Nos retratos e fotografias que perduraram até aos nossos dias, completa a especialista, “vemos em todos eles o cuidado artístico característico de Nelson, uma preocupação constante com jogos de luz e sombra, uma delicadeza em retratar expressões faciais, e um foco particular no olhar dos protagonistas. Essas fotos capturam muito mais que aquele instante: remetem para outros aspetos momentos antes e depois do quadro de registo, com olhares que seguem para além do campo visual da lente fotográfica”.
Adolfo Celi, Abilio Pereira de Almeida, Célia Biar, o escritor José Mauro de Vasconcellos (autor do famoso “Meu Pé de Laranja Lima”, entre outros, atuou como ator em Caiçara), Maria Clara Machado (premiada escritora e dramaturga, atuou como atriz em Ângela), Alberto Ruschel, Eliane Lage, a cantora Inezita Barroso (atriz em Ângela), Sérgio Cardoso (um dos maiores nomes do teatro nacional, ator em Ângela), Antunes Filho (outro nome icônico do teatro brasileiro, ator em Ângela), a lendária Ruth de Souza, entre tantos outros personagens essenciais no cinema, no teatro e na cultura brasileira em geral. Em sua passagem pela Vera Cruz, além dos profissionais estrangeiros de alto nível, Nelson de Souza Rodrigues conviveu com grandes protagonistas das artes do Brasil. Naquele um ano, lapidou seus sentidos para os próximos passos da rica trajetória.
A paixão pela piscicultura, de São Paulo a Pirassununga
Quando trabalhou na Vera Cruz, Nelson de Souza Rodrigues já era agrônomo formado, em 1948, pela Escola Superior de Agricultura Luiz de Queiroz (Esalq/USP), de Piracicaba. Naquela época, nem sonhava que um dia voltaria à cidade para grandes feitos.
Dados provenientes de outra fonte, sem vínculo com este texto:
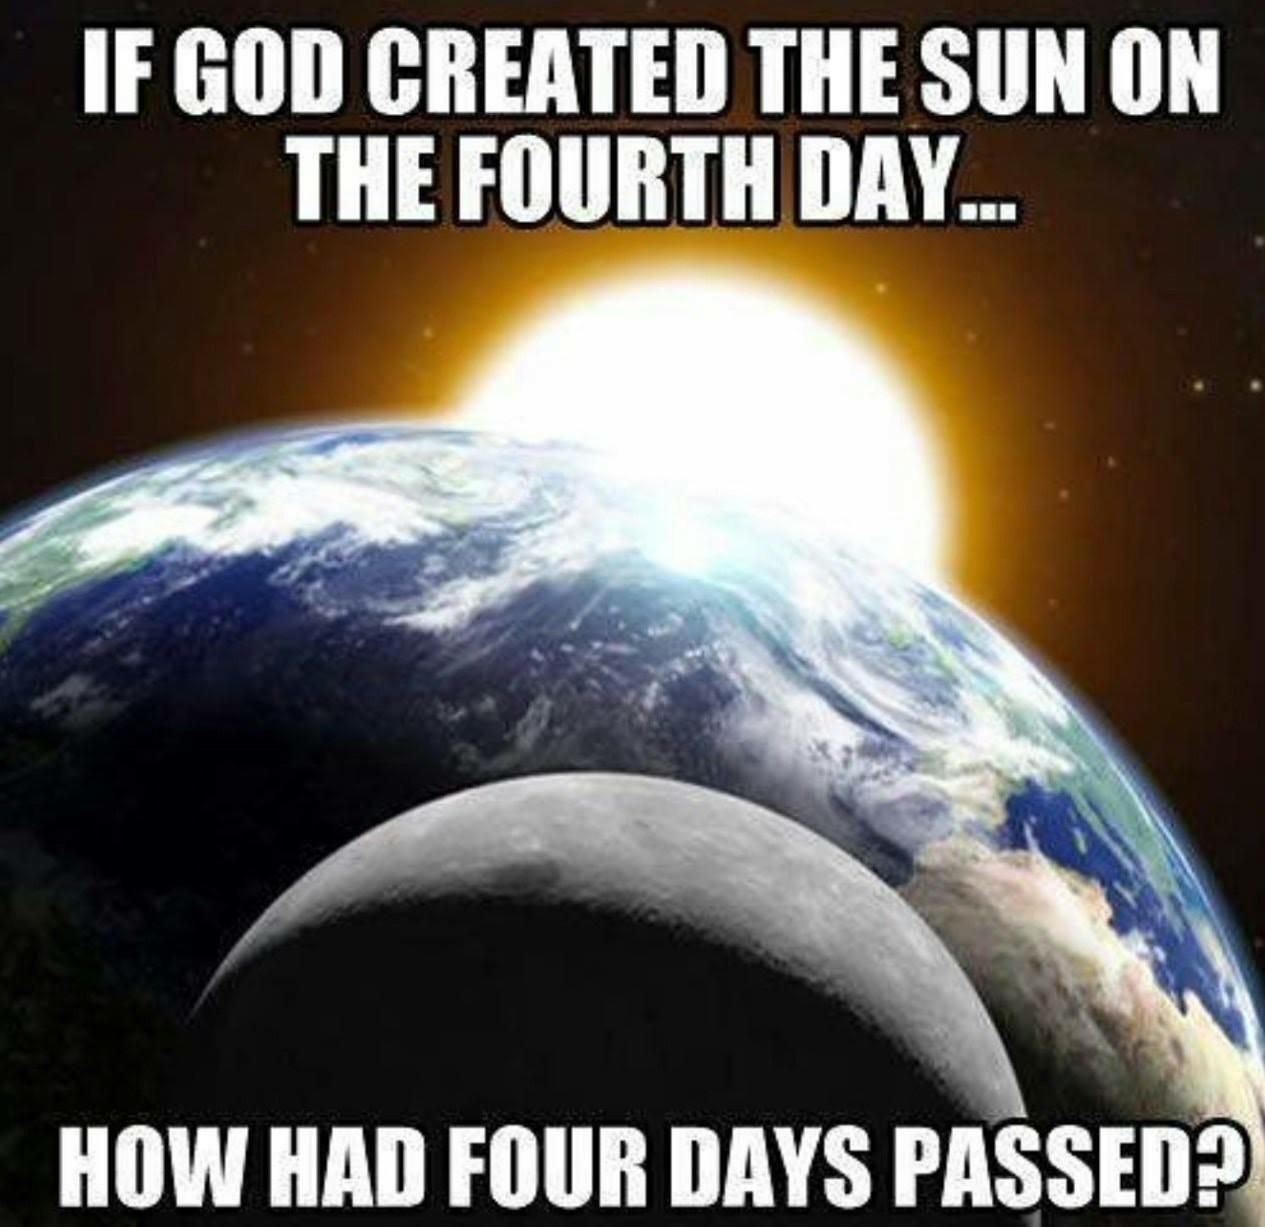 If God created the Sun in the fourth day...

Após o intenso período de inserção no extraordinário sonho liderado por Franco Zampari e Ciccillo Matarazzo, Rodrigues passa a chefiar o Setor de Documentação e Divulgação da Divisão de Conservação do Solo da Secretaria de Agricultura do Estado. O trabalho era documentar os serviços de conservação do solo e combate à erosão, produzindo um boletim bimensal sobre a temática. Em 1954, ainda na capital, passa a chefiar a Região Conservacionista de São Paulo, onde tem oportunidade de desenvolver técnicas conservacionistas para regiões de topografia inclinada. Os trabalhos científicos são divulgados em vários congressos.
Um salto importante em 1958, o ano da primeira Copa do Mundo do Brasil, de Pelé, da euforia nacional dos anos JK, a construção de Brasília, a Bossa Nova conquistando o mercado internacional. O agrônomo muda-se para Pirassununga, onde inicialmente chefia a Escola de Tratoristas, do então Departamento de Engenharia Mecânica da Secretaria da Agricultura.
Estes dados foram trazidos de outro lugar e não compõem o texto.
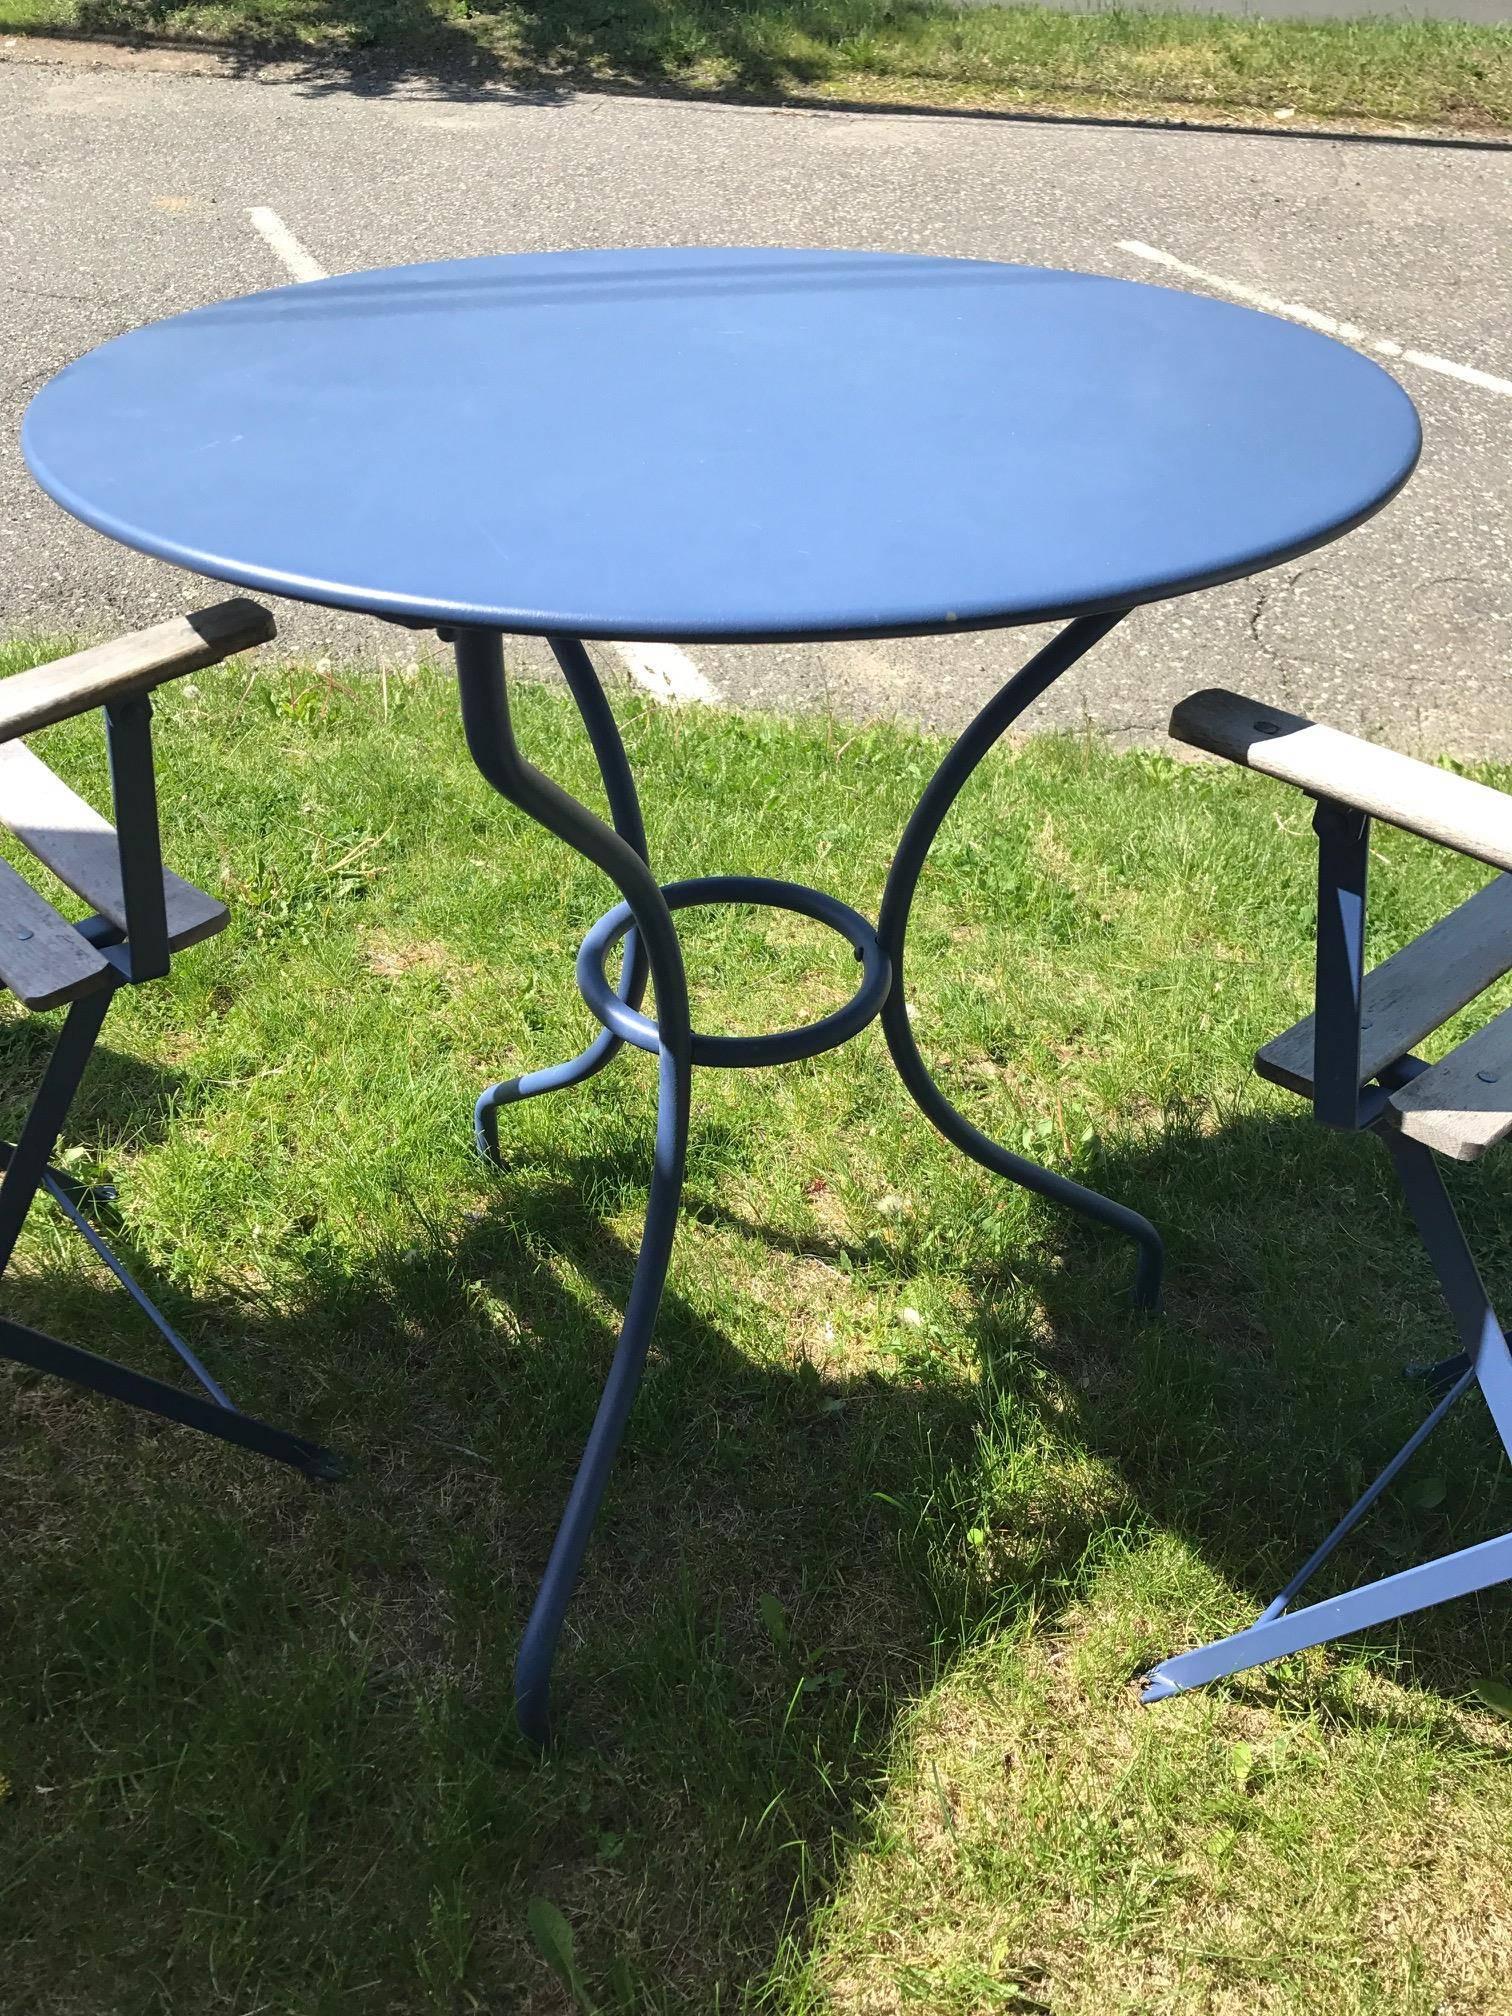 Jardin du Luxembourg in Paris Outdoor French Made Fermob bistro royal blue fabulously made and designed. This is a wonderful set like new. Wooden slat folding chairs with aluminum perimeter's painted a great royal blue. Tabletop of aluminium and

Ainda em Pirassununga, chefia o Posto Avançado de Piscicultura do Instituto de Pesca, também ligado à Secretaria de Estado da Agricultura. Nesta função, desenvolve várias pesquisas com peixes do rio Mogi-Guaçu. É o primeiro e mais intenso contato, profissionalmente, com o mundo da pesca, paixão de criança que permaneceria por toda a vida.
Junto ao Mogi-Guaçu, o encanto cada vez maior pelas águas e os peixes. Mas Nelson não deixa de lado outra paixão antiga. Ele se torna um grande colecionador de pássaros. Chega a ter cerca de 400 deles, de dezenas de espécies. Tangarás azuis com faixa preta e topete vermelho, saíras do Rio Negro, handais, periquitos, araras, tico-ticos e um raríssimo japu-açu, entre outros, promovendo uma sinfonia permanente de cores e múltiplos sons.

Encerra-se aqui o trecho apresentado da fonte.